Ich erblickte das Licht der Welt zwar, so wie wir alle, mit der Veranlagung zum Klettern, jedoch gewiss nicht als Profi. Zu diesem wurde ich erst verhältnismäßig spät, mit 19 Jahren – in dem Alter haben andere, nach etlichen Weltcupsiegen mittlerweile schon (fast) wieder Veteranen-Status.
Überhaupt habe ich erst relativ spät mit dem Klettern begonnen, mit 17 Jahren, doch startete ich so raketenmäßig durch, dass ich als Resultat kurze Zeit später vor der Entscheidung stand, Profi werden zu können.

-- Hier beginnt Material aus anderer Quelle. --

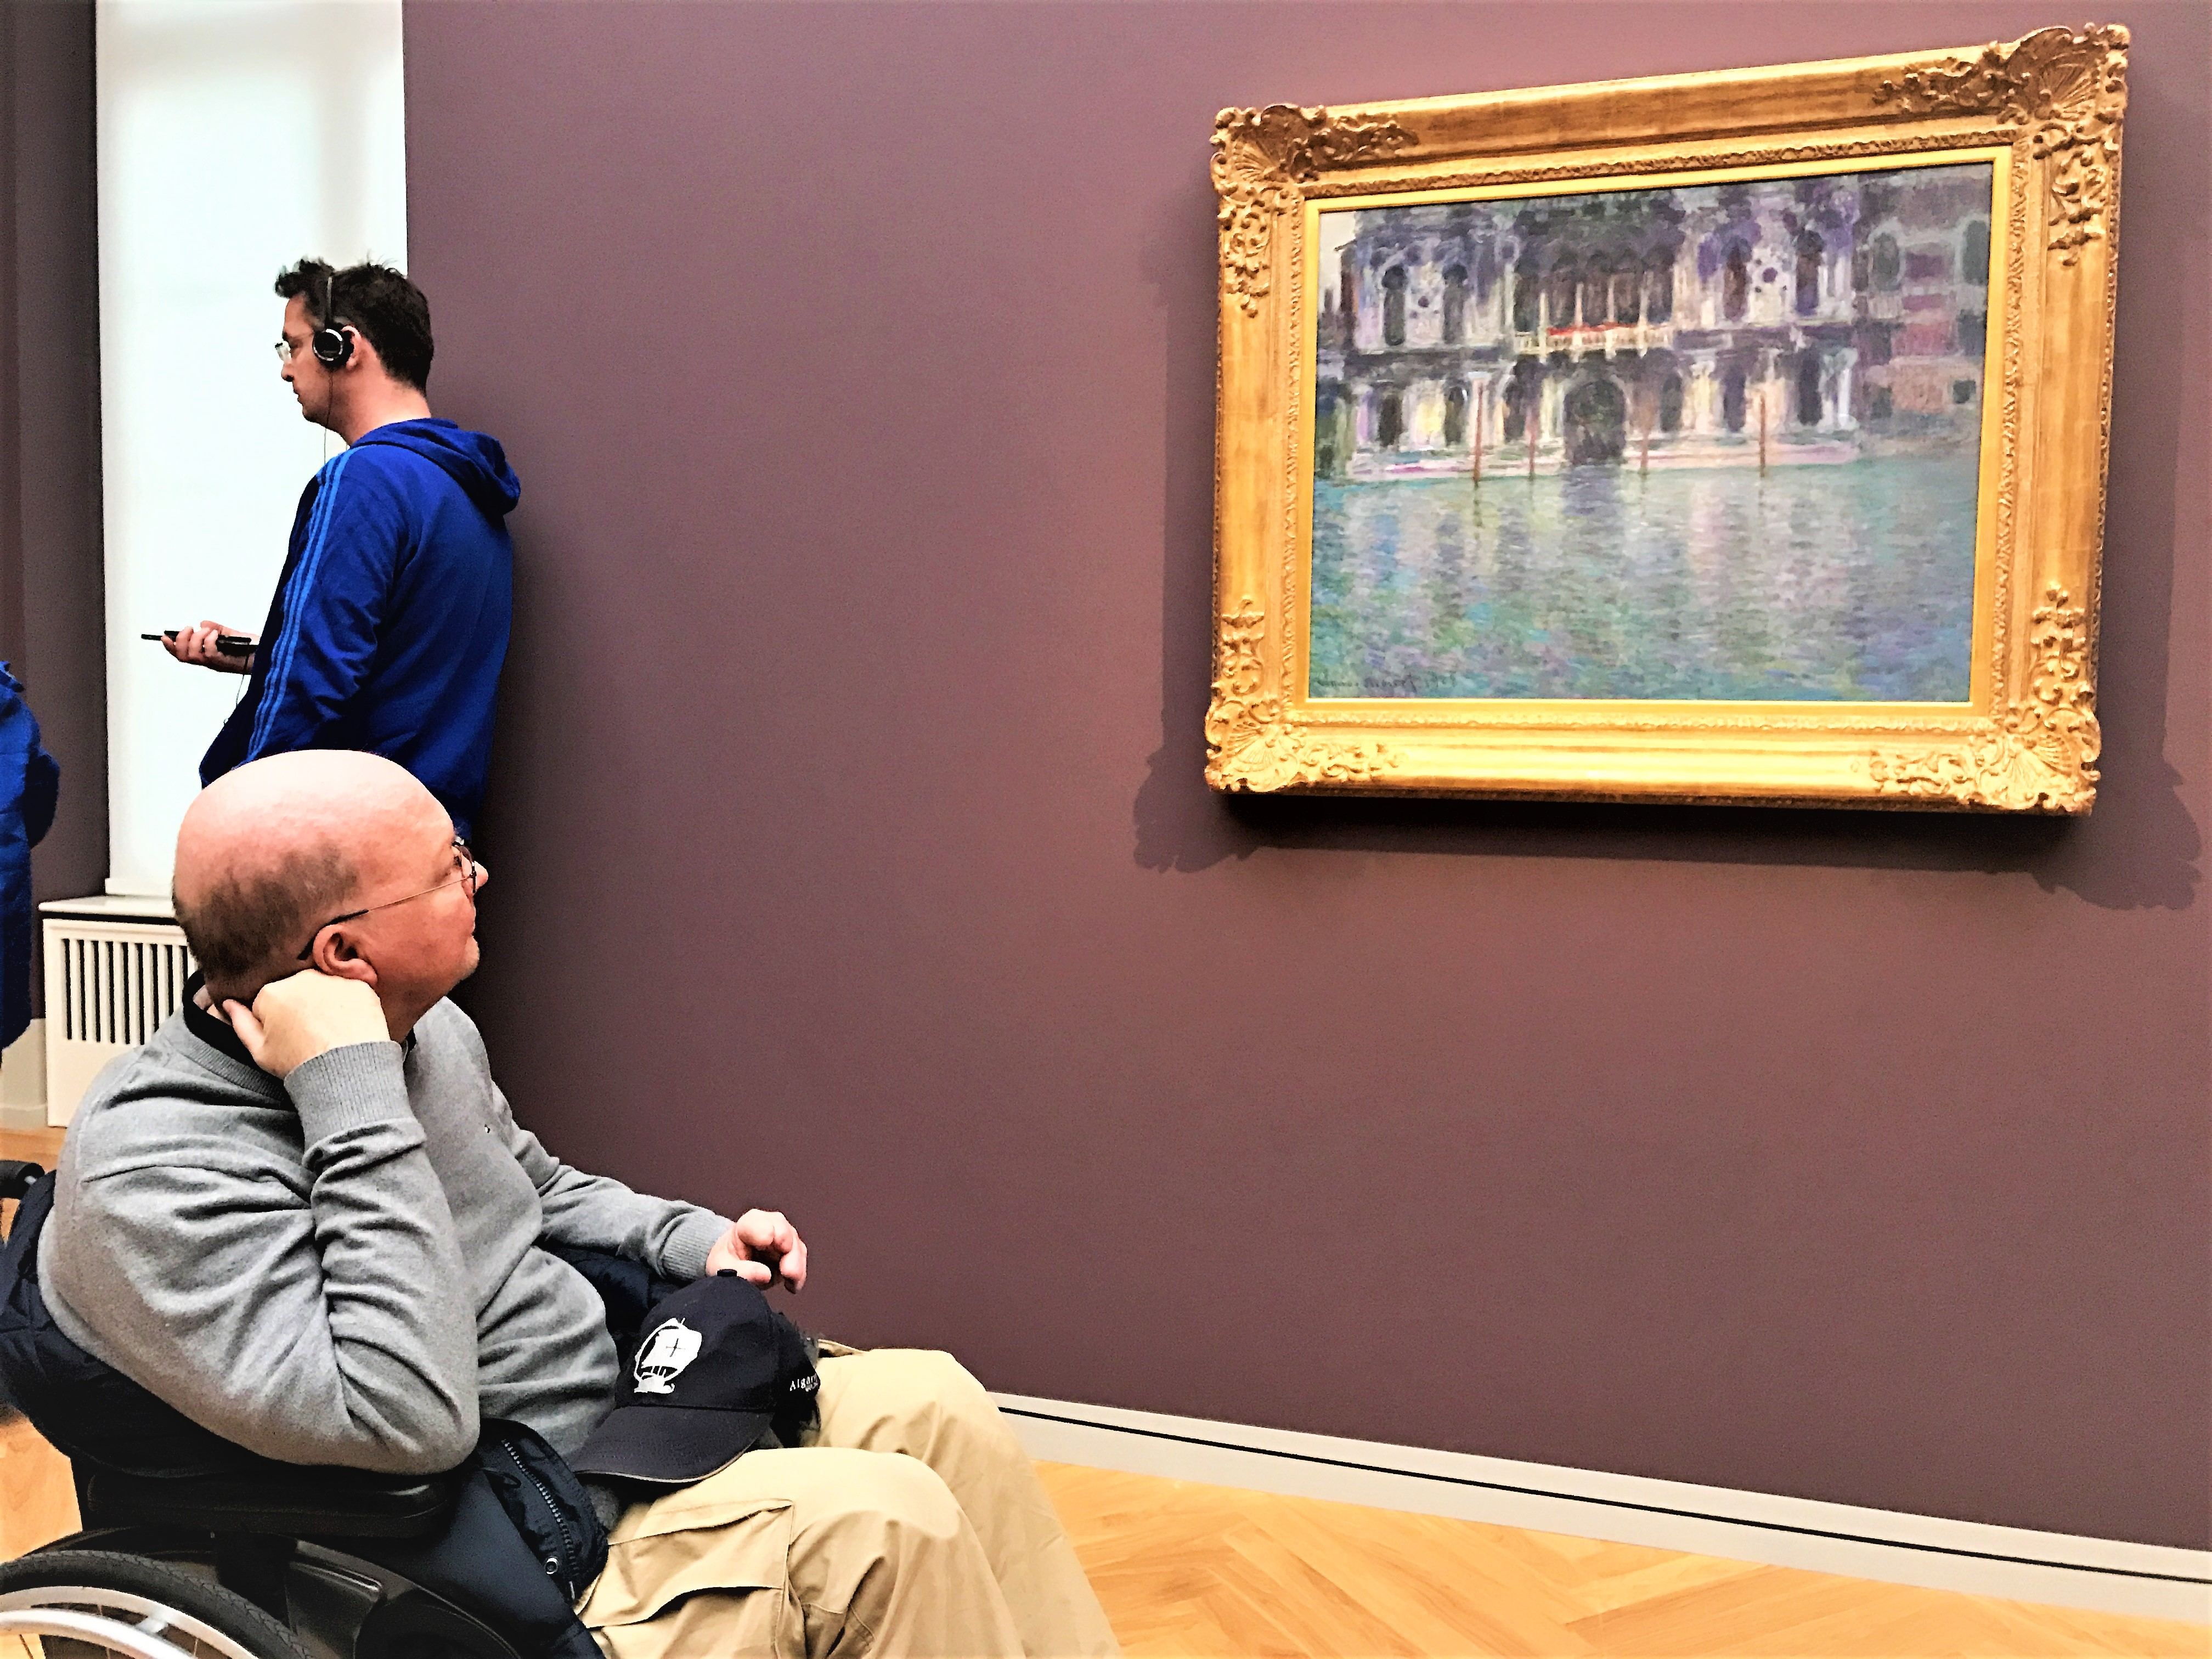 Alexander Kroll im Museum Barberini in Potsdam

Eine Chance, die (m)ich ergriff! Keine Angst, noch schreibe ich hier keine Memoiren, aber ich bin sicher, ein Thema interessiert Sie brennend: Wie ich mich als Jugendlicher vor meinem Einstieg ins Sportklettern so konditioniert habe, dass ich schon in den ersten Wochen als Sportkletterfokussierter, weit erfahrenere Athleten rasch überholen und, ob im Training oder im Wettkampf hinter mir lassen konnte?
Gute Gene? Jein. Mit der körperlichen Grundausstattung schlanker „Leichtbautyp“ hat man sicherlich eine leidlich gute Voraussetzung, doch besaß ich andererseits nicht jene Rohkraft, die das Jahrhunderttalent, den „Freak“, den geborenen Weltcupsieger, vom Rest unterscheidet. Veranlagung spielt für den Spitzensport zweifellos eine gewichtige Rolle. Aber als Ausrede für mangelnden Einsatz darf sie nicht herhalten, das tut sie aber oft genug! – Ich für meinen Teil glaube fest an harte, smarte, gezielte und tägliche Arbeit!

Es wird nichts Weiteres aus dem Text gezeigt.